Governor General Julie Payette can't recall the precise moment Apollo 11's lunar module touched down on the surface of the moon — she was only five years old, and her mother later told her she was likely tucked in bed when the historic moment unfolded on television.

It, and subsequent lunar missions under NASA's Apollo program, would nevertheless leave an indelible impression on the young Payette.

"I do remember very vividly the later Apollo missions, Apollo 15, 16, 17," Payette told Hallie Cotnam on CBC Radio's Ottawa Morning.

"I remember watching them, sitting on the gym floor in my primary school and thinking, 'Oh wow, wow, this is extraordinary. I want to do that. I want to go in the rocket. I want to go to the moon.'"

Saturday marks exactly 50 years since that first lunar landing, though it wasn't until the early hours of the following day that astronauts Neil Armstrong and Buzz Aldrin became the first people to set foot on the moon's surface.

While people the world over are reflecting on the landmark moment in space exploration, it's particularly poignant for those who have left Earth's atmosphere.

"That blue marble on the backdrop of darkness was shining at us from very, very far. And it strikes you. This is it.
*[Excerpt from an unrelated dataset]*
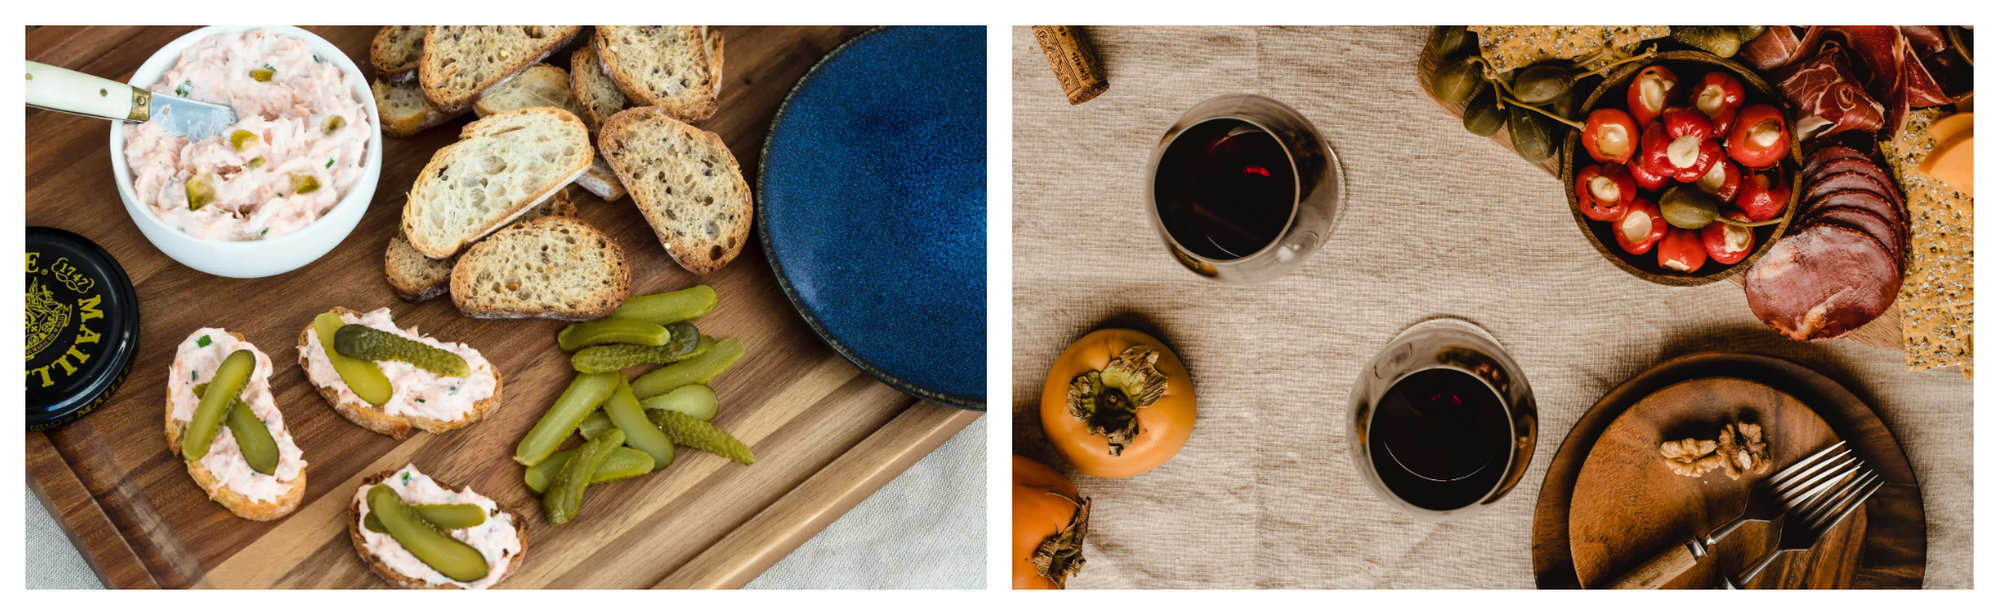 Left: A charcuterie board of rillettes and cornichons, ready to be enjoyed on sliced French bread. Right: A table with two glasses of red wine and a full charcuterie board from a bird's eye view with a tan tablecloth.

This is the only place we've got right now," Payette said.

Chris O'Meara/Associated Press
Chris O'Meara/Associated Press

It's a view Payette would come to see for herself when she flew aboard the space shuttle Discovery in 1999. While she didn't get a chance to visit the moon, she would go on to log more than 25 days in space over two flights, serve as the chief astronaut for the Canadian Space Agency and eventually become Canada's 29th Governor General in 2017.

The former astronaut has also heard first-hand accounts of Apollo 11, meeting the mission's two surviving astronauts, Aldrin and Michael Collins. Collins operated one of the mission's three modules by himself while Armstrong and Aldrin walked on the moon.

Payette said Collins shared some "mind boggling" stories with her about the experience — including his worries about getting back home.

"They had to fire one engine, and that one engine had to work, otherwise they would have been stuck on the moon with no plan B," she recalled.

These days, space travel has its sights set on a much farther frontier: Mars. The last manned landing on the moon occurred in December 1972 as part of Apollo 17, although NASA is hoping to change that, and Payette approves.

"There are things we can learn about the formation of the universe, the formation of the solar system. We could plant an array of telescopes on the side of the moon that we don't see from the Earth so that we can maybe peer even further into the universe.

"The moon has the advantage of always being nearby our Earth. A little far, but nearby."